Another way would be to pass in just class names to each column, as we currently do in maas, and handle the queries as local styles. This would allow us to avoid a lot of complexity and keep bespoke stuff locally.

The long term ideal scenario would be to do something similar to the microsoft office ribbon:

showing/hiding/rearranging elements within a cell to make best use of space, not confined to the available vanilla media queries.

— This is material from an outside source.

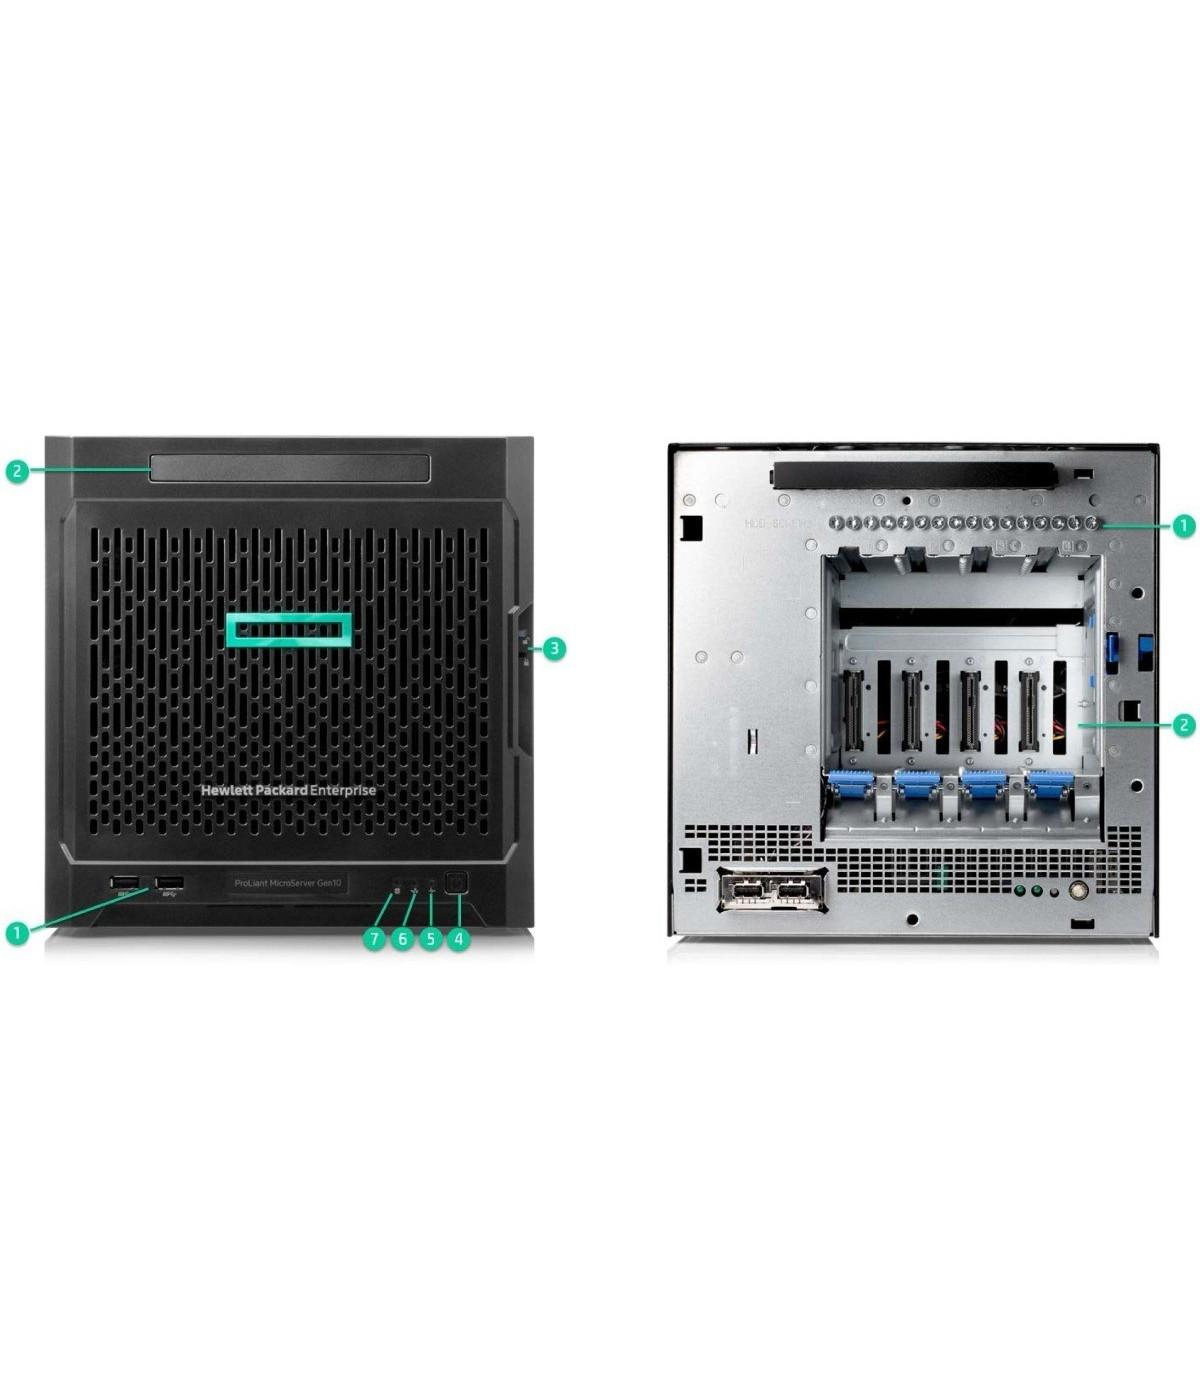 Servidor HPE Proliant Microserver Gen10
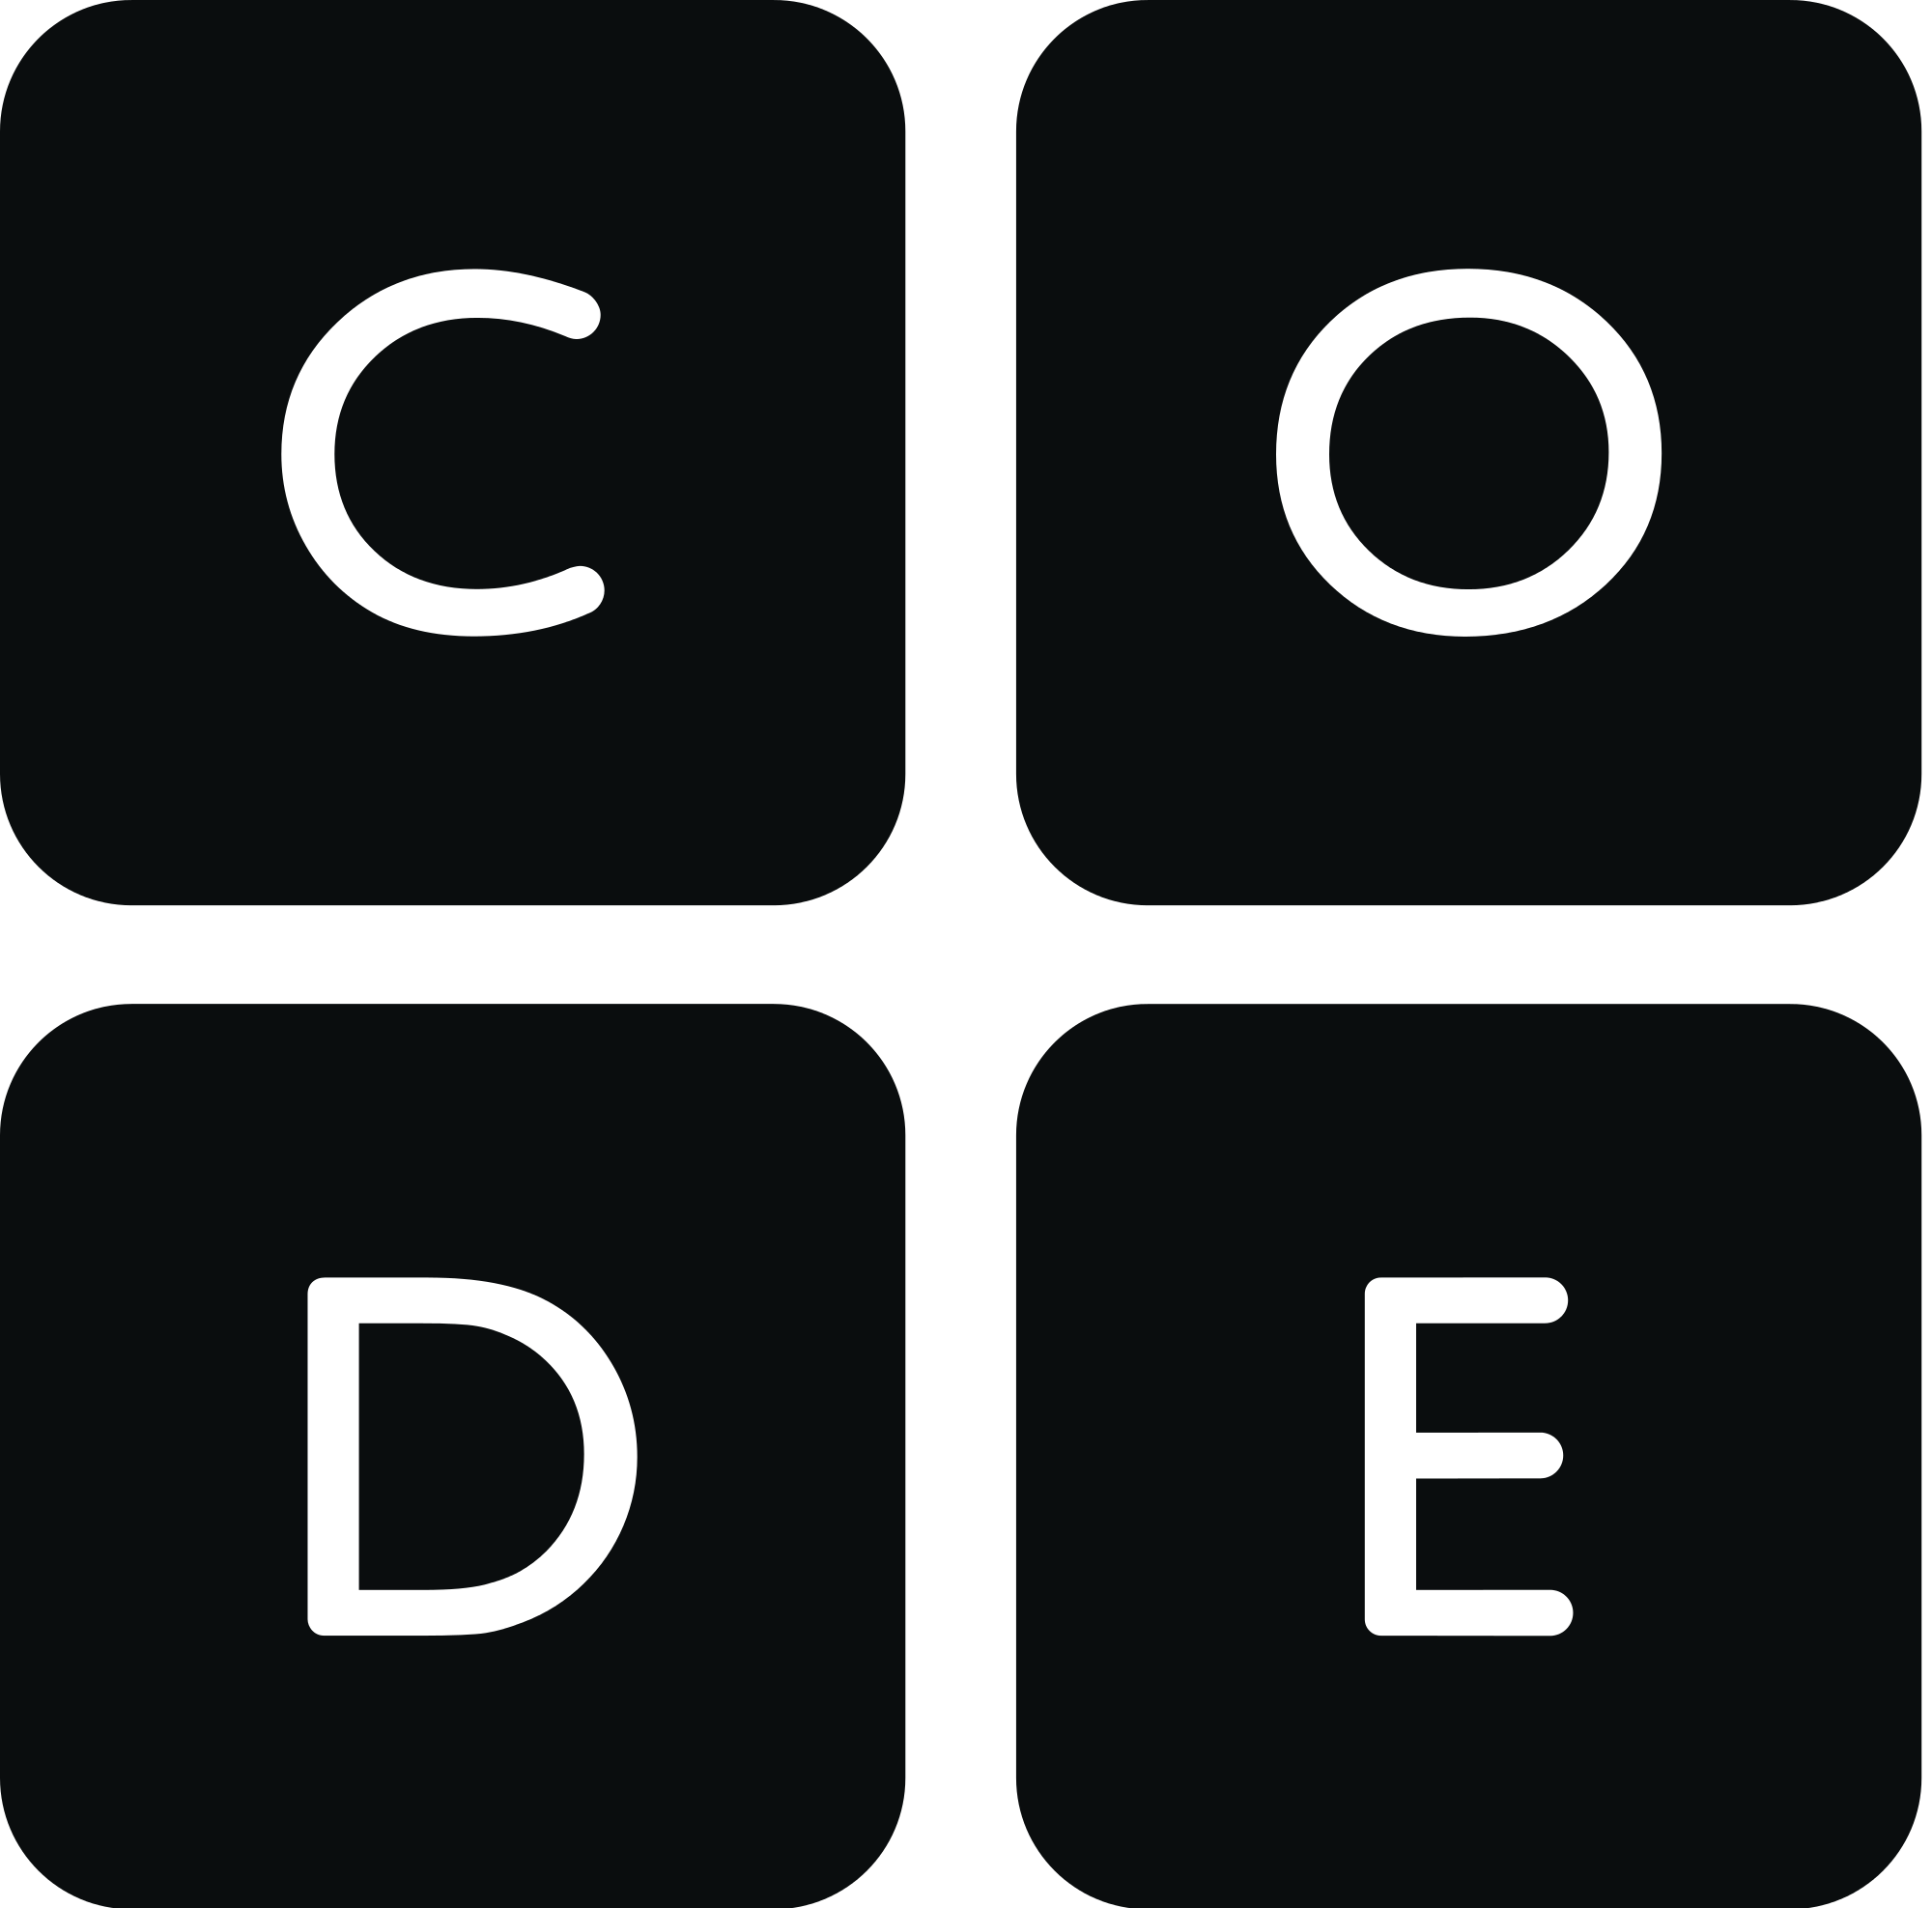 code org logo

One way I can imagine this happening would be to allow us to apply a class to any element within a cell. This way, outside of the component, we can determine complex behaviours using media queries, and apply them to one or more elements in the table by passing them the custom class. The advantage I see here is that the table itself doesn’t need to worry about setting css properties on elements within cells, just passing classes to them.

These are advanced behaviours, but are also things that would be needed to reimplement many maas tables, e.g. the machine listing, without sacrificing existing functionality.

A simple alternative would be to set the property table-layout to auto, which would make the browser distribute column widths as it deems fit. (In other words, pass the class ‘u-table-layout–auto’ to the react table).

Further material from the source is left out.